As if being fifteen doesn't suck enough, Aya Fuse's rank of 451,369 is so low, she's a total nobody. An extra. But Aya doesn't care; she just wants to lie low with her drone, Moggle. And maybe kick a good story for herself.

Then Aya meets a clique of girls who pull crazy tricks, yet are deeply secretive of it. Aya wants desperately to kick their story, to show everyone how intensely cool the Sly Girls are. But doing so would propel her out of extra-land and into the world of fame, celebrity...and extreme danger. A world she's not prepared for.

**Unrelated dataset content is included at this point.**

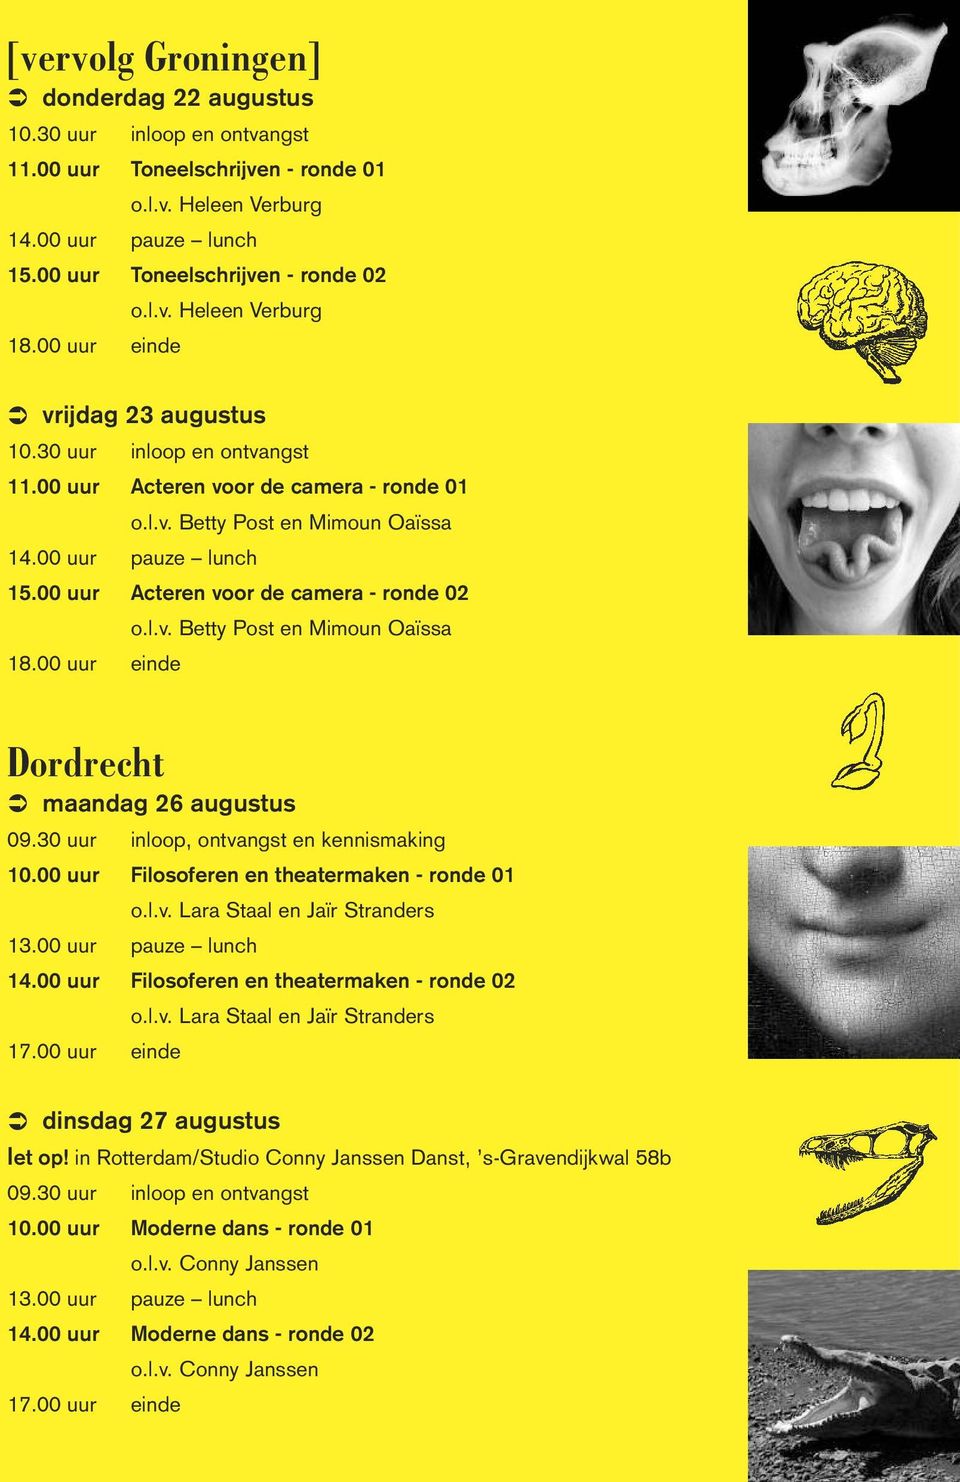 00 uur einde Dordrecht maandag 26 augustus 09.30 uur inloop, ontvangst en kennismaking 10.00 uur Filosoferen en theatermaken - ronde 01 14.
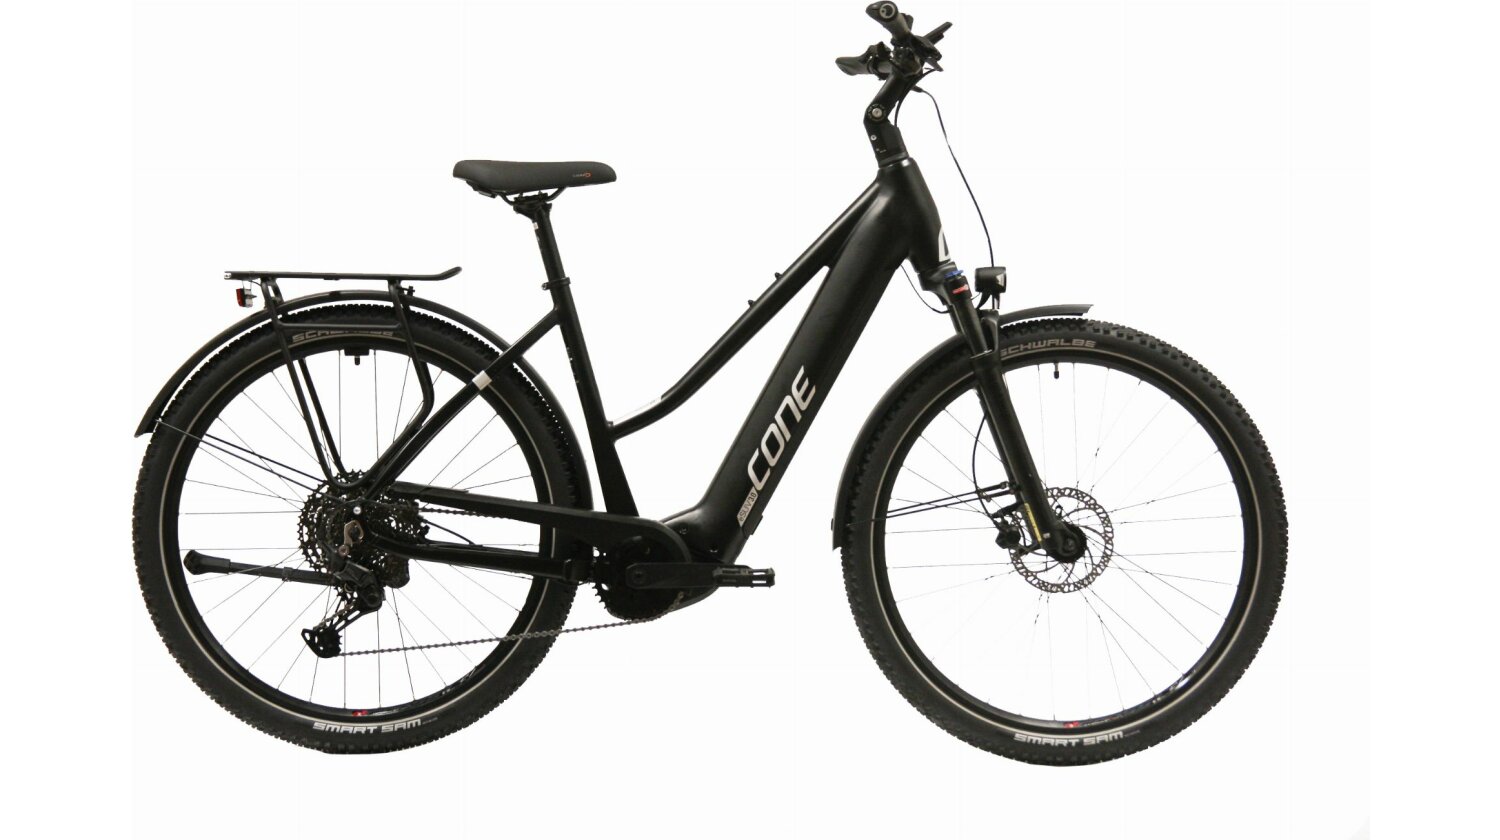 Cone eSUV IN 3.0 750 Wh E-Bike Trapez 29" schwarz/grau

The New York Times - James Hynes
Extras is just as thrilling as its predecessors, but it's also a thoughtful novel of ideas, a brilliant parody of the modern obsession with fame. Like almost everyone else in her world, Aya records everything she does with the help of a semi-sentient hovercam (a sort of floating soccer ball that's a cross between R2D2 and Weegee), using the resulting footage to boost her face rank. It's as if the whole world were like Facebook, with every citizen simultaneously a celebrity and his or her own paparazzi. The situation is the opposite of the enforced egalitarianism of beauty in the earlier books; here, Westerfeld slyly shows what happens when you take the brakes off and let the market of media exposure determine individual worth. With its combination of high-stakes melodrama, cinematic action and thought-provoking insight into some really thorny questions of human nature, the new novel, like its predecessors, is a superb piece of popular art, reminiscent less of other young adult books than of another pop masterpiece, the revived "Battlestar Galactica."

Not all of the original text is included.